Tuesday, 1 June 2010

Digital Voyeurism


This weekend I went to the newly opened exhibition “Exposed” at the Tate Modern. The collection of images explores the invasion of privacy through photography – at what point does artistic licence decay into dangerous voyeurism? Is the viewer of a photograph implicated in the act of taking it?

Most of the exhibition looks at the invasion of privacy in a historical context, but it prompted me to think more deeply about the present (and the very imminent) technological advances that could take voyeurism to a whole new level.

For example, online photo sharing means that most of us are already leaving publicly available records of our movements through time. It is easy to imagine a scenario in which an organisation trawls the web for photographs, downloading them to an archive and running them through face-recognition software. With the time, date and location stored with each photograph they could create a searchable database that could re-produce the historical location, through time, of just about anybody, based on the photos that they appear in. It would not surprise me if national intelligence services already have such a system. Nor would it surprise me if a privately-run commercial system is available soon.

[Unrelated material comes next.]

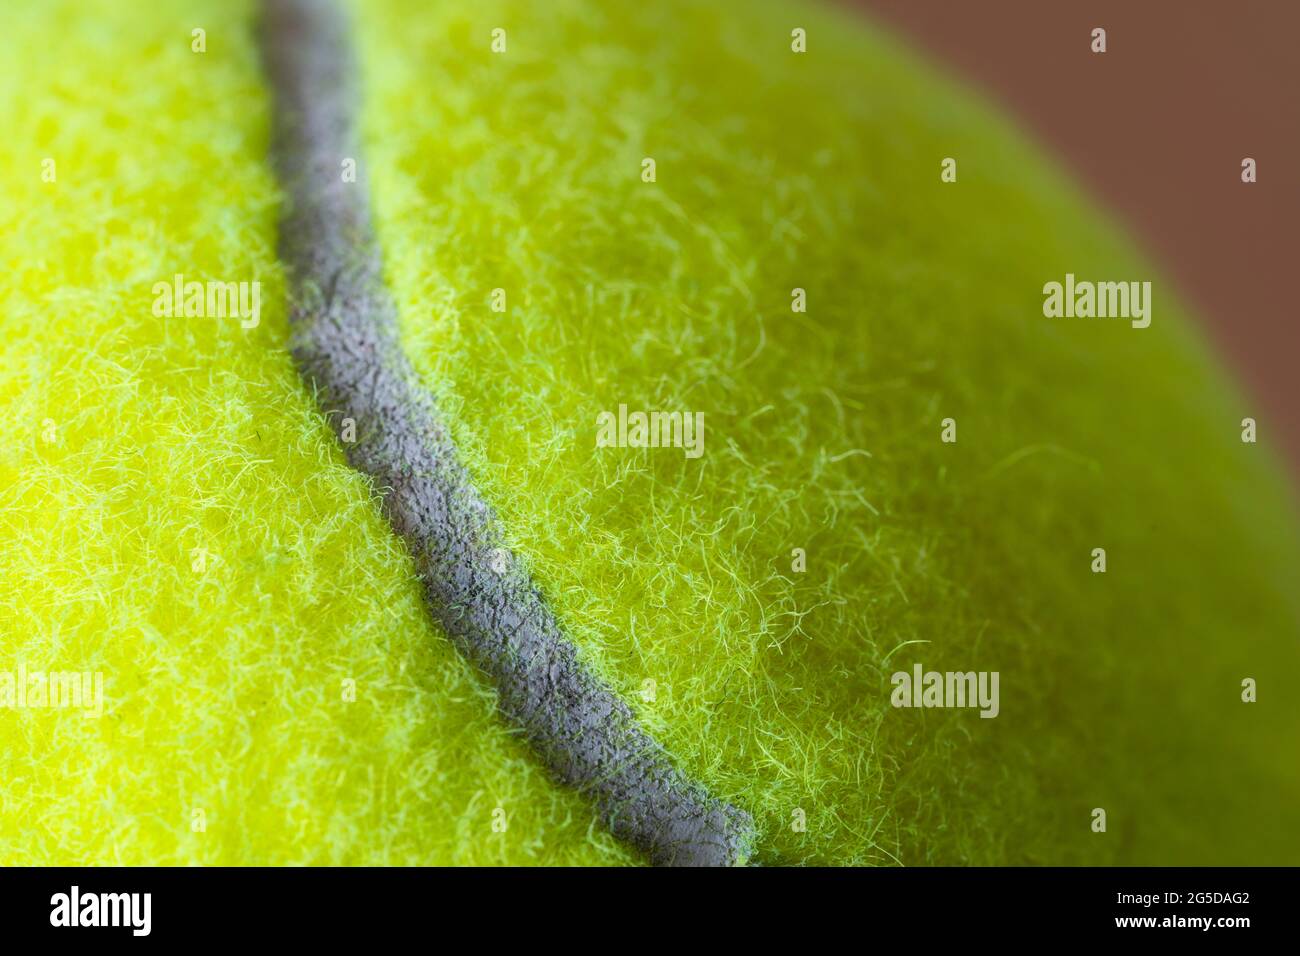 Macro closeup di una palla da tennis gialla fluorescente (giallo ottico) che mostra la copertura in feltro fibroso e l'ovale curvilineo bianco Foto Stock

On the subject of digital voyeurism, Google managed to open up a new frontier when they recorded masses of data being passed over unsecured wi-fi networks. I, like millions of others, already entrust Google with my personal data (emails and search histories and such). As such, I think it is probably a good thing they were behind the data collection and not a company that might be tempted to exploit what they found.

But overall the pace of technological advancement seems to be outstripping the pace at which we adjust our behaviour, our laws and our cultural norms. The Tate Modern’s exhibition focuses on the extreme, but in doing so it acts as a useful prompt for us to re-think our concept of privacy for a digitally-connected world.